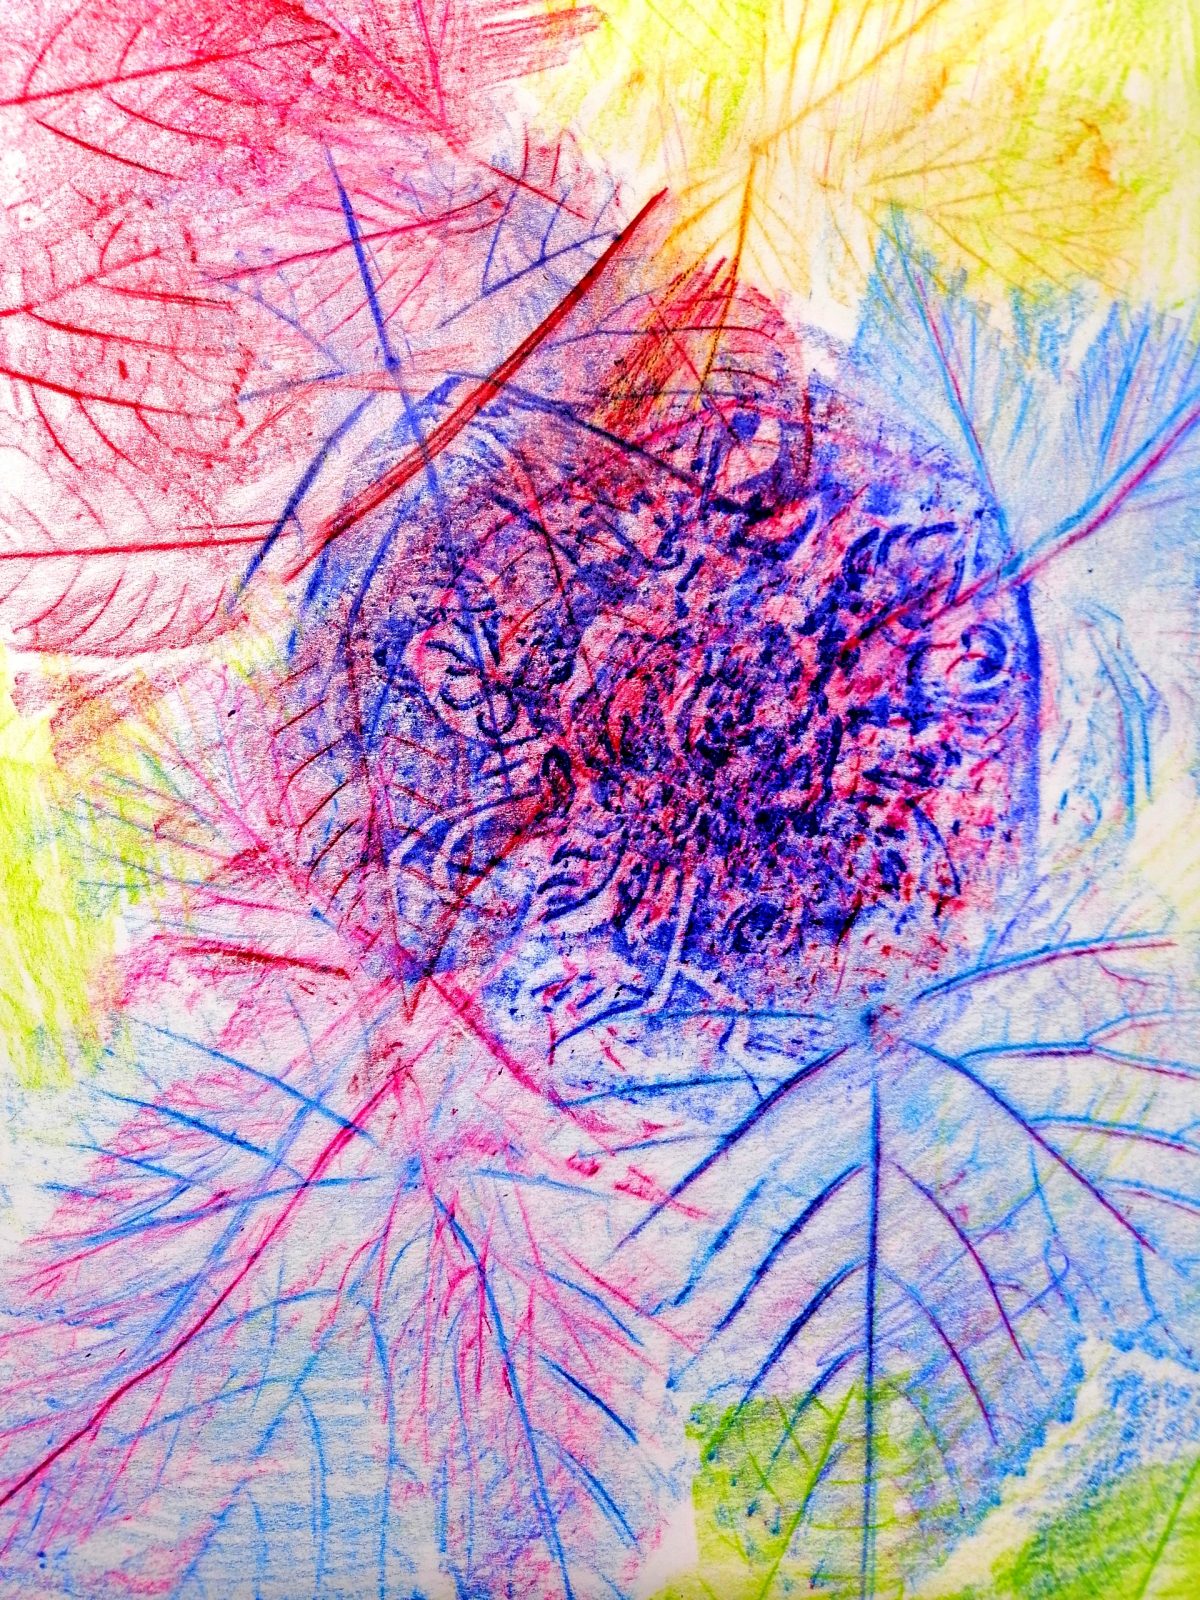 Kompozycja plastyczna struktur kilku jesiennych liści w układzie centralnym. Praca wykonana w technice frotażu z użyciem barw ciepłych i zimnych.
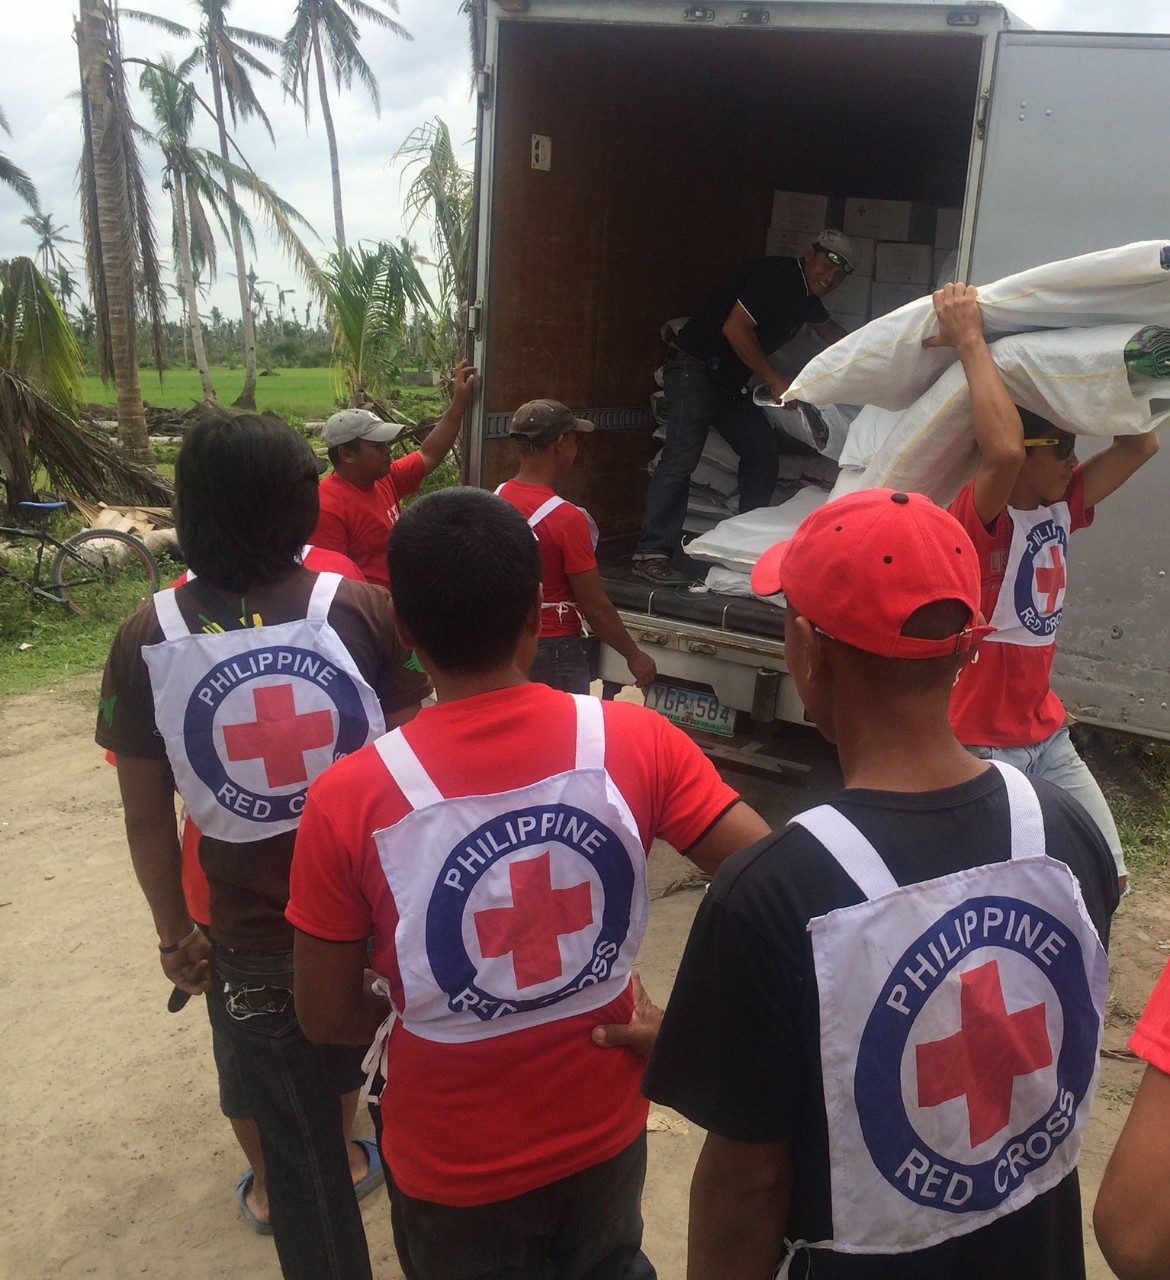 philippine red cross volunteers unloading truck
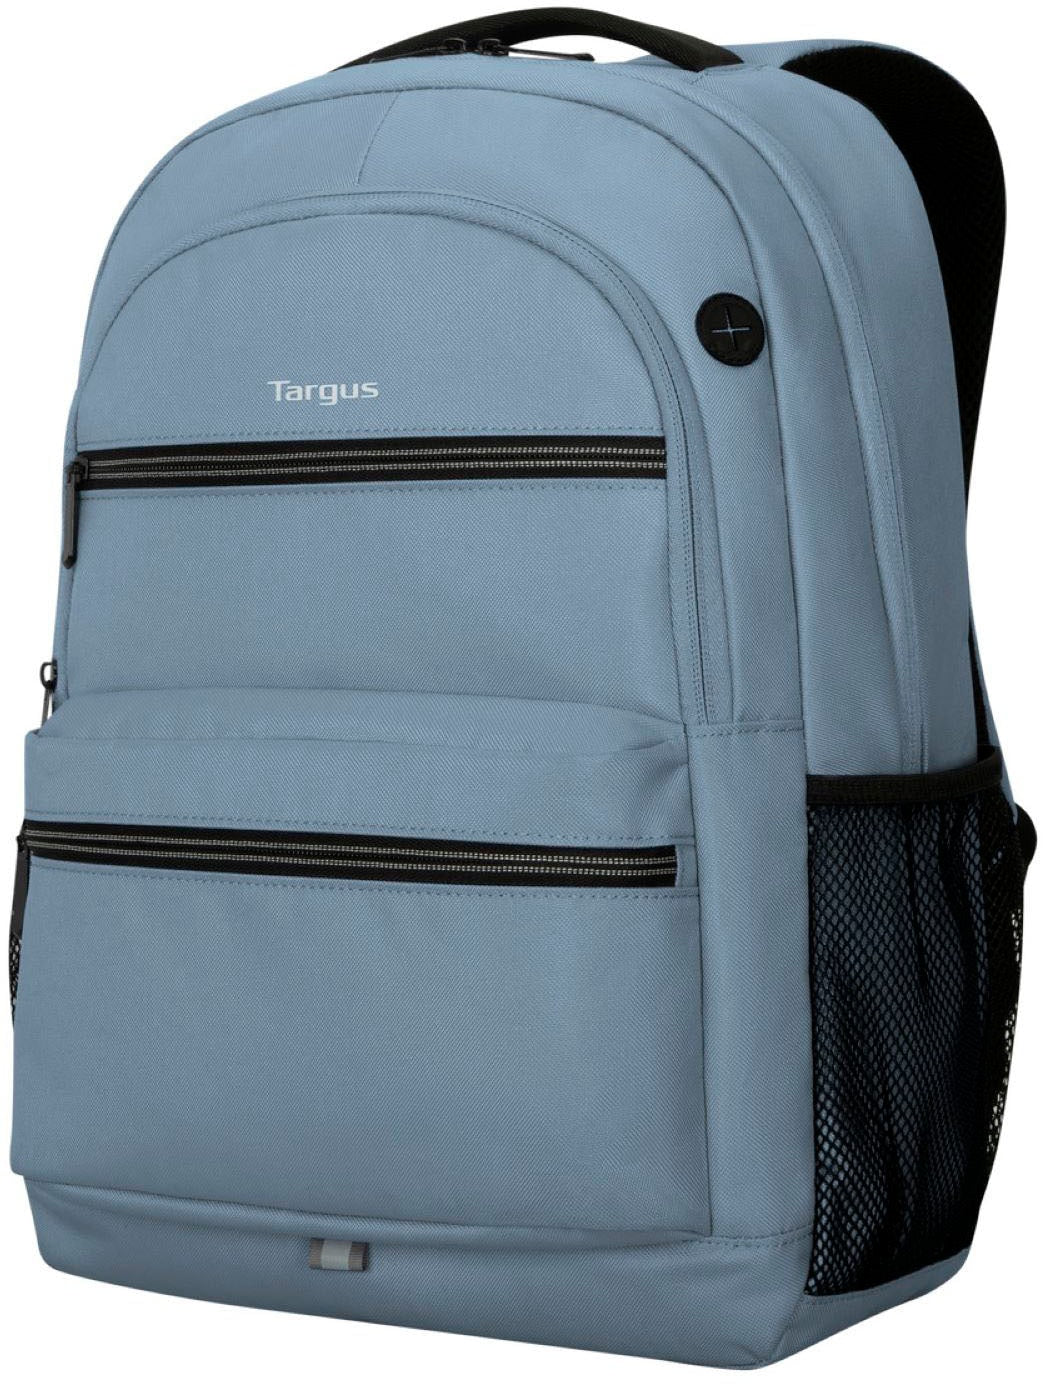 Targus - Octave II Backpack for 15.6” Laptops - Blue_4
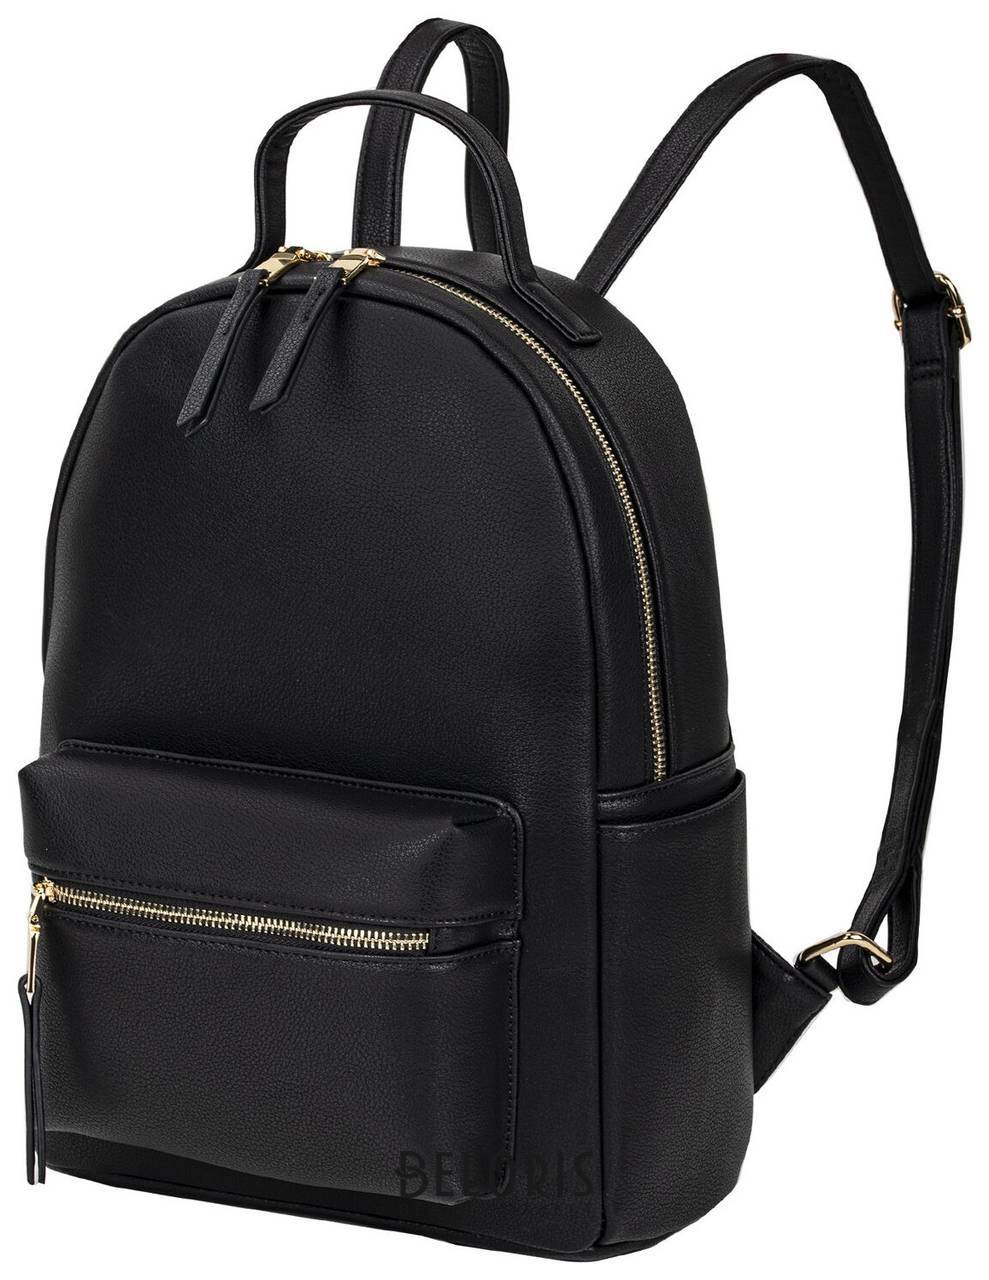 Рюкзак из экокожи Brauberg Podium женский, с отделением для планшета, черный, 34x25x13 см, 270817 Brauberg

> [The problem] All text in the material above must be written out exactly; the images are to be skipped.

> [Answer for the task]
 Kompozycja plastyczna struktur kilku jesiennych liści w układzie centralnym. Praca wykonana w technice frotażu z użyciem barw ciepłych i zimnych.
 philippine red cross volunteers unloading truck
 Targus - Octave II Backpack for 15.6” Laptops - Blue_4
 Рюкзак из экокожи Brauberg Podium женский, с отделением для планшета, черный, 34x25x13 см, 270817 Brauberg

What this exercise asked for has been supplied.